Meggett is well known for her Gullah Geechee cooking

A Black woman in a pink shirt holding a bowl of grits.
Emily Meggett is known to many as the matriarch of Edisto Island.
Clay Williams
Erin Perkins is the editor of Eater Carolinas.

Legendary Gullah Geechee chef Emily Meggett died on Friday, April 21, at the age of 90. Known to many as the matriarch of Edisto Island, she was born on the South Carolina sea island on November 19, 1932. There, she married Jessie Meggett, and they had 10 children.

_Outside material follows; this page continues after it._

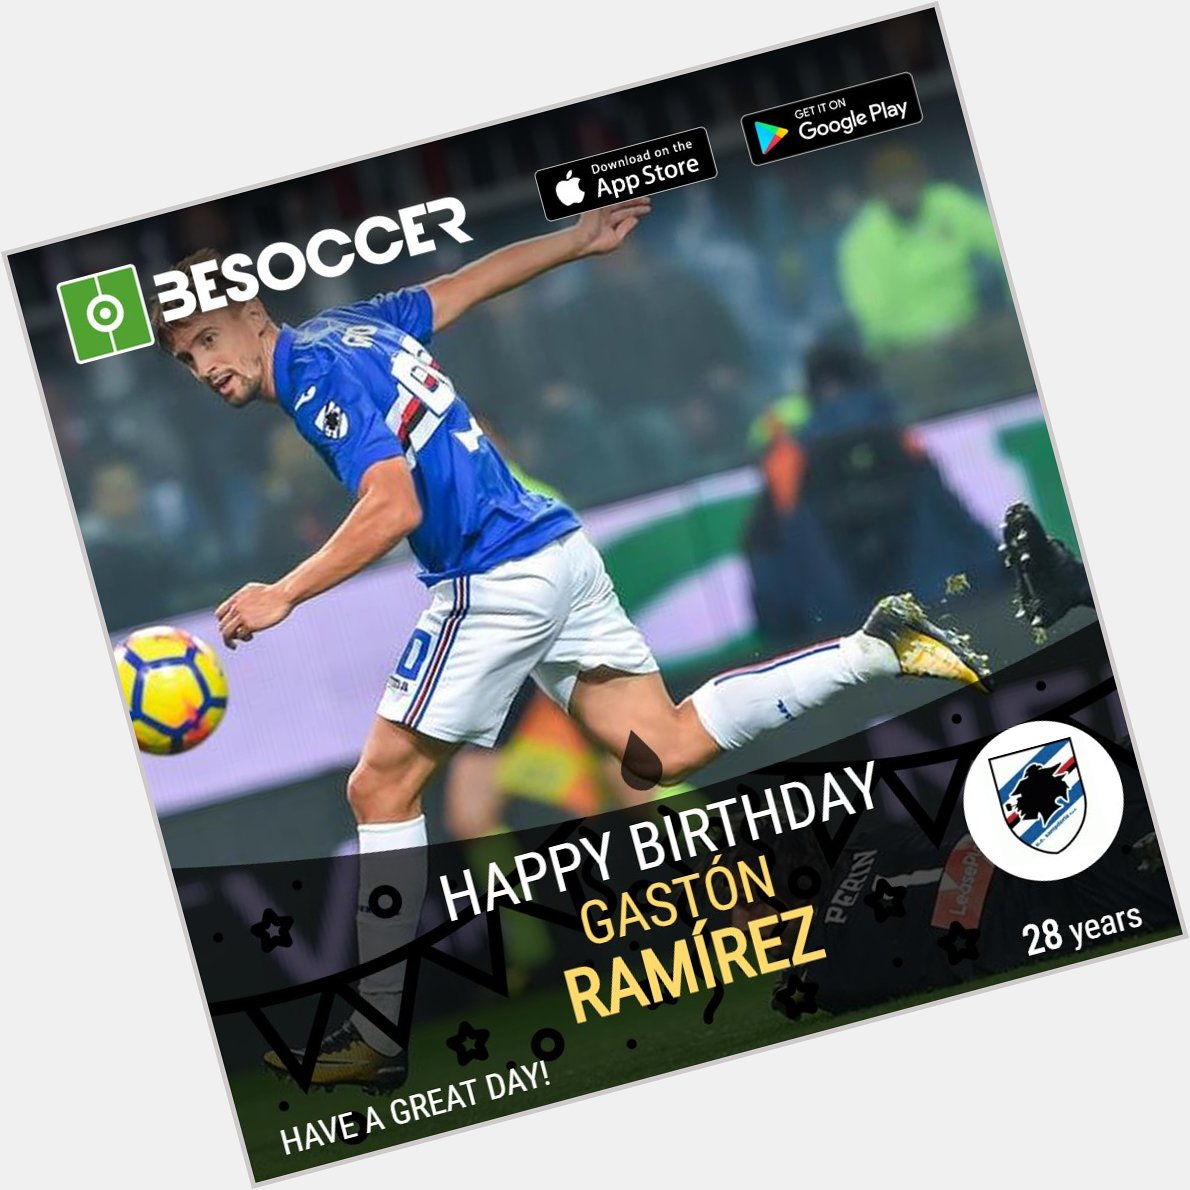 Happy birthday to Gastón Ramírez!

Meggett was known to many for her cooking, especially after the publication of her acclaimed cookbook Gullah Geechee Home Cooking. She writes in her introduction, “Throughout the years, I have fed too many people to count. Wherever I go, it is important to me that I do not go empty-handed. I always bring the gift of food.”

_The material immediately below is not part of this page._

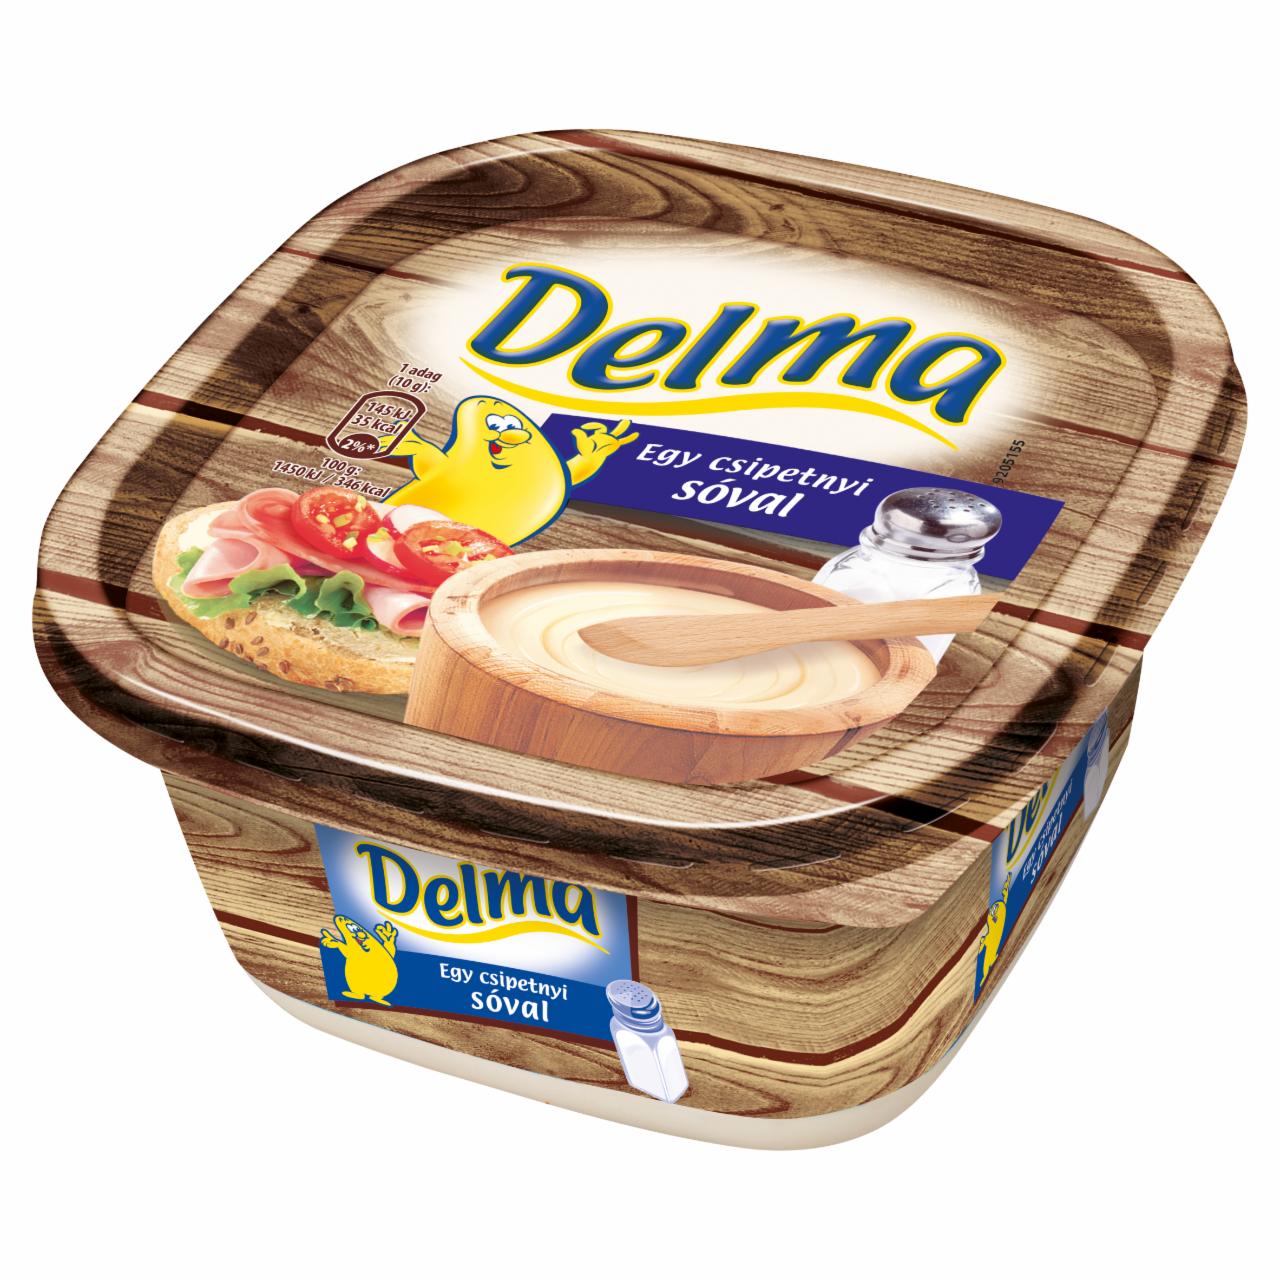 Képek - Delma egy csipetnyi sóval light csészés margarin 500 g

She shared her recipe for fried chicken with Eater when the book came out in 2022. Journalist Kayla Stewart writes, “Like countless other Black women who turned to cooking — and fried chicken specifically — as a vehicle for economic opportunity, Meggett has been able to use her fried chicken, along with dishes like fried fish, red rice, and chicken perloo, to forge her own path in South Carolina’s culinary space.”

In 2019, Eater visited Meggett at her home on Edisto Island with Gullah Geechee chef B.J. Dennis. In the video, Dennis says that you don’t get any more authentic than Meggett and her cooking. She prepared a spottail bass stuffed with parsley rice. In her cookbook, she references the video, “... People all over the world have watched this video and have learned just a bit about this beautiful place, and the beautiful culture behind it. Cooking teaches, cooking heals, and cooking loves.”